It’s Sunday evening, and still over 30 degrees after dinnertime. Looking at the weather forecast, it’s probably the last day we’ll get like this before autumn gets real. That solid warmth hangs low and thick with the late sun, gentler than Summer days in spite of what the thermometer says.
It’s perfect weather for sustaining a late-season burst of produce: still plenty of tomatoes and basil, maybe a few last cucumbers, and zucchinis sneakily bolting into marrows the second you look away.
If you want solid proof that home-grown veggies are worth the effort, late tomatoes are it. Their off-the-vine freshness, ripeness and sweetness can’t even be compared to shop-bought. (The other gardener in our house would argue that sweetcorn is the ultimate convincer for the home gardener, but a still-warm heirloom variety tomato, juicy and rich, can’t really be beaten.)
I’m a tomato grower in recovery. At our last home, tomato cultivation had devolved into a thoroughly depressing battle with harlequin beetles. Those sap-sucking little terrorists had destroyed so many crops that I’d given up on anything other than cherry-style tomato breeds which seemed a bit hardier. When we arrived at our new place, just as this tomato season started, we found the previous owners had left us some healthy tomato bushes and no bugs. A tomatoey clean slate. (Actually I’m now fighting an invading rat for the last of the crop, but a change is as good as a holiday.)
I’m not sure of their variety – something fairly hardy and versatile. My parents are long-time tomato growers of a hybrid called ‘health kick’, a paste-style bred specifically for its high levels of the antioxidant lycopene. This year my dad also picked up some mystery tomato seedlings for 25 cents each at a fete. He’s already had enough of a crop to make these an absolute bargain. I think they’re probably ‘Mortgage Lifters‘, a variety that dates back to Depression-era America.

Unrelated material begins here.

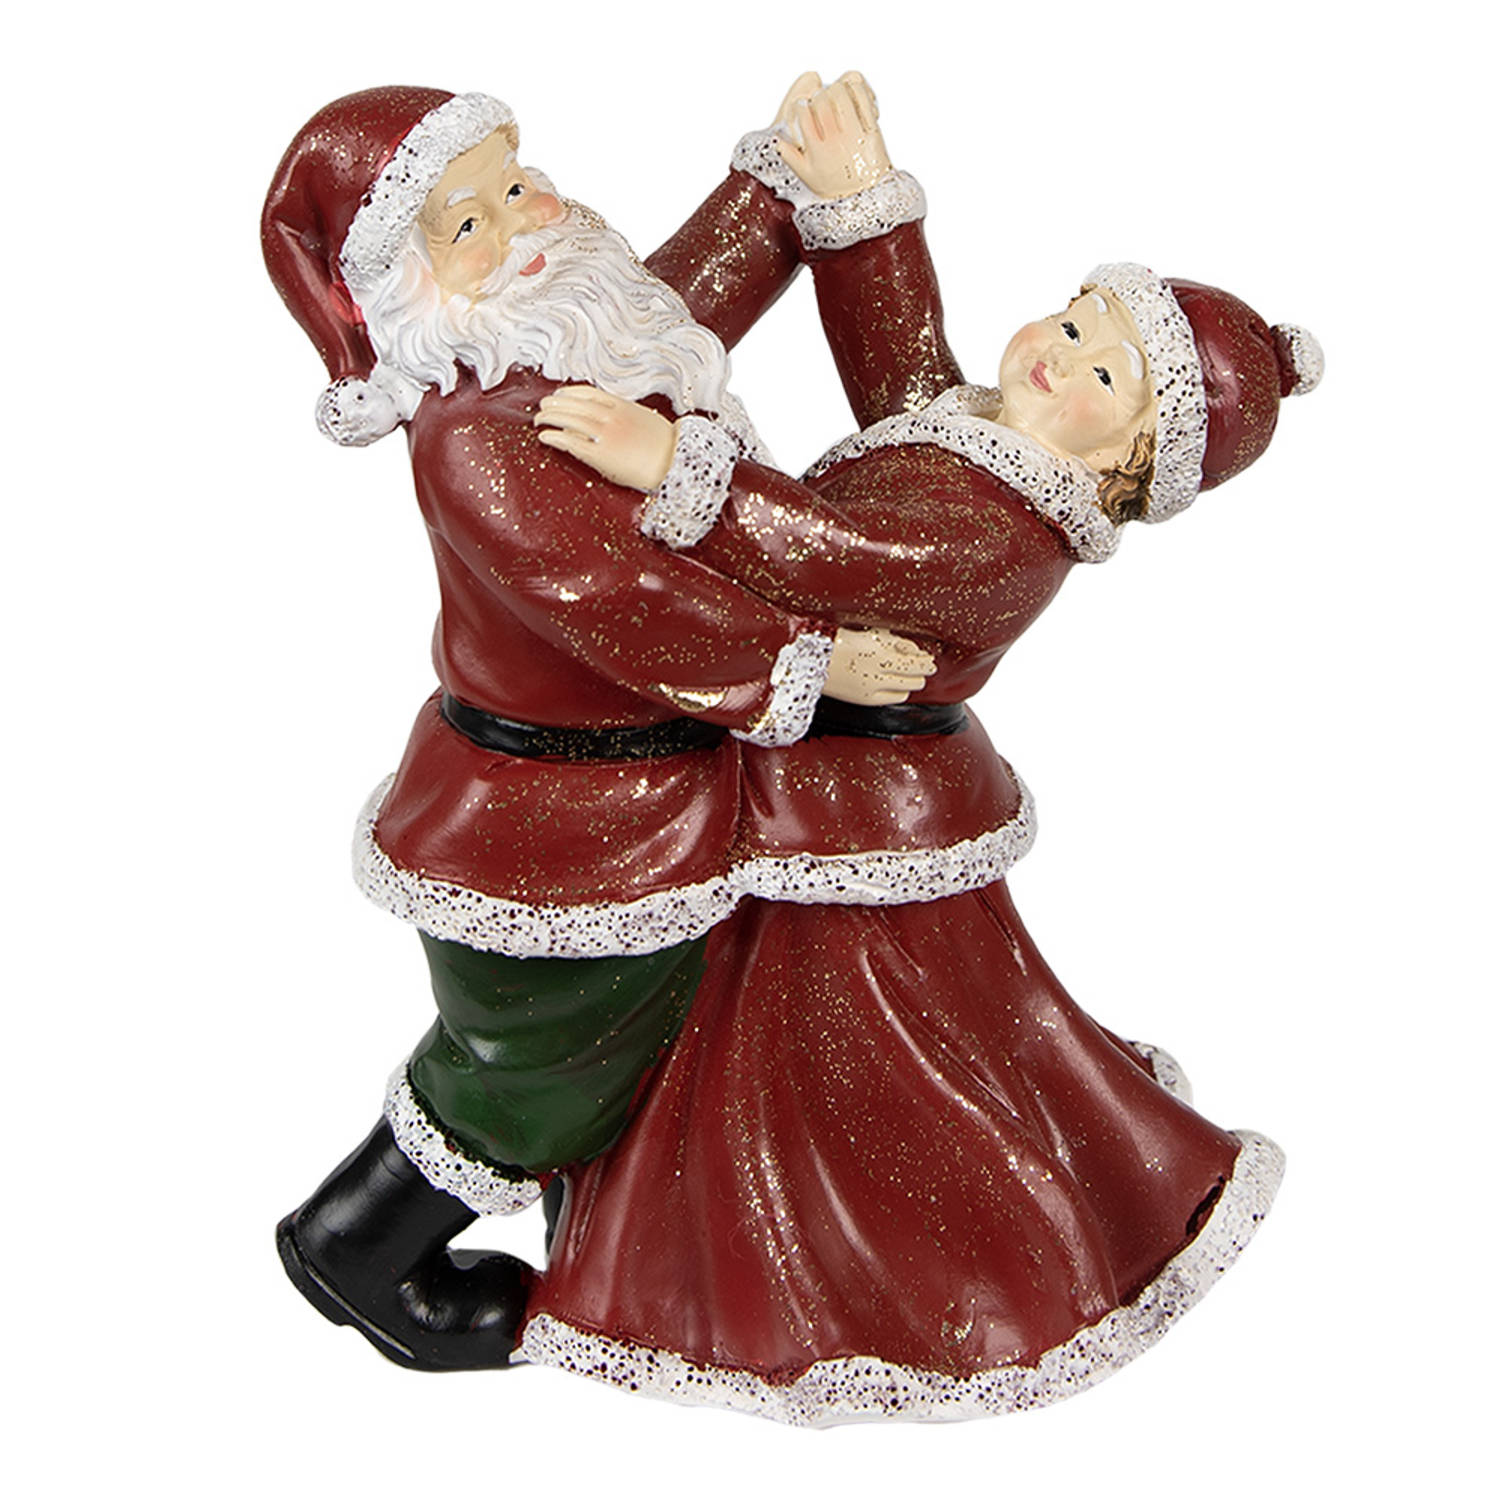 HAES DECO - Kerstman deco Figuur - Formaat 12x8x15 cm - Kleur Rood - Materiaal Polyresin - Kerst Figuur, Kerstdecoratie

There are a couple of stories about how Mortgage Lifters came to be, but both versions involve a bloke from West Virginia creating a hybrid which was a prolific enough cropper to make a dent in the mortgage. I don’t think the idea was that growing them would knock off your mortgage, but they obviously made a bit of money for their inventor.
Mortgage Lifter seeds were available in Australia by the late 1930s, and in 1941 a Weekly Times article recommended it as an ideal variety for backyard gardens. These tomatoes start quite pink before they fully ripen. Soft and sweet, but not overly seedy or juicy, they’re best suited to fresh eating. A top sandwich tomato.
Tomatoes have been a backyard Australian staple from colonial times, and one of their real beauties is that the surplus can be transformed to serve year-round. In the earliest newspapers you find recipes for tomato sauce, ketchup (I’m not clear what the difference was), jam, pickles, green tomato preserves and chutney.
I’m not much of a bottler or sauce maker, but this pasta sauce is my favourite way of using up surplus tomato crops, and if you freeze it you’ve got it for the winter.
Roast tomato and garlic pasta sauce
This is more a method than a recipe, in the spirit of the ‘recipes’ you find in old newspapers and cookbooks that trust you , the cook, to make sensible judgements. Use as many tomatoes as you have, choose the right size tray for the number of tomatoes, and cook until they’re done. That’s it.
Use any variety of tomato you like, but firmer roma styles work particularly well. The riper the tomato, the tastier the sauce. Less ripe, shop-bought tomatoes will still make a decent sauce, but it will be more acid and maybe a bit insipid. Adding some roast piquillo peppers from a jar or a tablespoon of tomato paste at the blending can give you a richer and sweeter result.
Halve or quarter tomatoes and remove cores. Place them in a tray or shallow casserole dish in a single layer. You want them to fit snugly, so I select my dish according to how many tomatoes I have. Tuck a few (4-5) unpeeled garlic cloves in among the tomato pieces. 4-5 cloves of garlic may sound like a lot, but garlic cooked in its skin is much milder and sweeter, so don’t be afraid. And you can add them to your taste into the final sauce, so you’re not committed at roasting time.
Drizzle olive oil over the tomatoes, grind a good amount of black pepper over, and sprinkle on a little salt if you like. If you have some thyme or oregano you can strew some of that around.
Bake in a moderate oven for at least 45 mins, until they’re soft and a little caramelised. How long this takes depends a lot on the type and ripeness of the tomato. It could take over an hour.
When the tomatoes are done, remove the tray from the oven. Take the garlic cloves out and squeeze them out of their skins. Blend the tomatoes, peeled garlic (to taste) and any juices from the pan until smooth. Make sure you scrape down and add all the caramelised bits from the pan. Check seasoning. You can add a bit of fresh basil at this stage if you like.
Serve with your favourite pasta, or freeze for later.